動物の殺処分は自分自身、本書に出会うまで全く知らなかった。現に家畜伝染病予防法や動物愛護法などで、特別な理由によりできるとされている(伝染病の危険、あるいは実験動物の役目終了などによるもの)。しかし、熊本県は殺処分に関する対策を行い、限りなくゼロに近づけたのだという。これが世界中に「熊本方式」として注目された。
本書は「熊本方式」がどのようにして成り立ったのか、本書では方式ができるまでのプロセスを綴っている。
第一章「昔のお話」
著者は熊本で開業獣医として働いているのだが、開業したのは昭和50年代に入ったときだった。その時は「動物愛護」に対する関心は薄く、「動物管理」という概念が蔓延していた。動物管理として殺処分を行うこともほぼ日常茶飯事のことだった。著者は殺処分にまつわる統計を取得したが、統計をとっていなかったことによる空欄が所々あり、著者は行政の体たらくについて怒りを覚えた。
第二章「市動物愛護センター」
行政の体たらくに怒りを覚え、動物愛護に向けての活動を始めた。獣医師会の中にもそのような動きがあり、昭和59年に動物愛護センターに持ち込まれている犬を救うためのフェスティバルを初めて開催し、現在まで続けている。
やがて、動物愛護推進協議会が作られ、そこで活動をする事になった。本章では平成18年以降のことについて取り上げているが、その時は不要犬の「引取有料化」を行い始めた。しかし市民・動物愛護センター・推進協議会双方の軋轢があり、対立をすることも度々あった。
第三章「市動物愛護推進協議会」
様々な対立や事件があったが、動物愛護協議会の会長にまで担うことになった。本章は熊本市の動物愛護協議会の仕組みや事業についてを紹介している。
第四章「地域ネコ」
あまり聞き慣れない言葉であるが、動物愛護協議会設立当初から考えていたのが、「野良犬対策」の他に「野良ネコ対策」もあった。
「野良ネコ対策」として実際に行われたものとして、本章のタイトルにある、「地域ネコ」がある。「地域ネコ」とは飼い主のいないネコを、地域ぐるみで育てるようにするという対策である。
地域で育てるものの、「ネコ嫌い」の住民も存在しており、説得までする必要があった。他にも餌をやる場所を決める、不妊・去勢手術をするといった課題もあった。また、野良ネコによる被害を受けた住民もおり、住民・動物愛護協議会・野良ネコ双方がWin-Winになるような関係はまだまだ道半ばである。
第五章「愛護の心」
動物愛護の心は著者から、協議会員に伝わり、やがて、その中で独自の活動を進めていく人も出てきた。

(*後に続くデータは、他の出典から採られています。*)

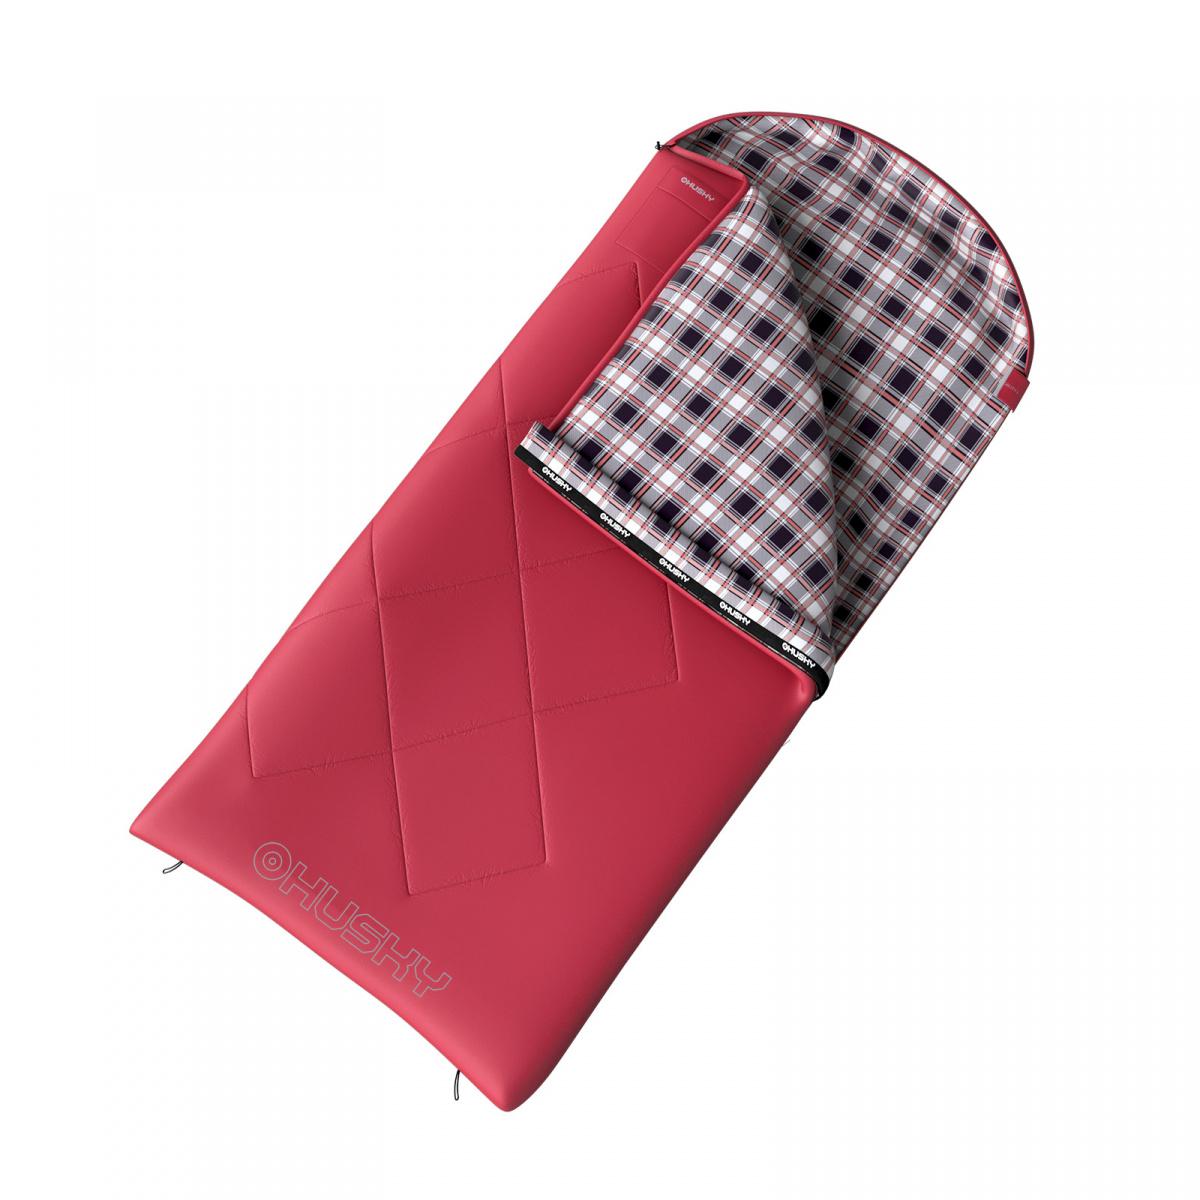 GROTY L -5С 200x85 спальный мешок (красный

それが著者にとっても、協議会にとっても、県単位で動物愛護活動のレベルアップのために進めていった。
第六章「さまざまな思い」
県外の話になるが、平成22年には宮崎県で口蹄疫の騒動が起こった。口蹄疫の伝染を防ぐために大量の宮崎牛が殺処分をすることとなった。また、翌年23年には東日本大震災が起こった。宮城や福島を中心に、ペット・家畜かかわらず、大量の動物が殺処分となり、かつ、収容に困ったり、野放しになったりする事さえあった。熊本の経験をもとに助けようと思ったのだが、助けられなかったこと、さらにそれらのことについて著者はどのように思ったのかを綴っている。
動物愛護を進めるためには一人ではできない。協議会としての協力、さらに地域住民の理解なくしては、達成することができない。それを得るためには長い年月をかけて行う必要があった。その結晶がここにあり、と言うべき一冊だった。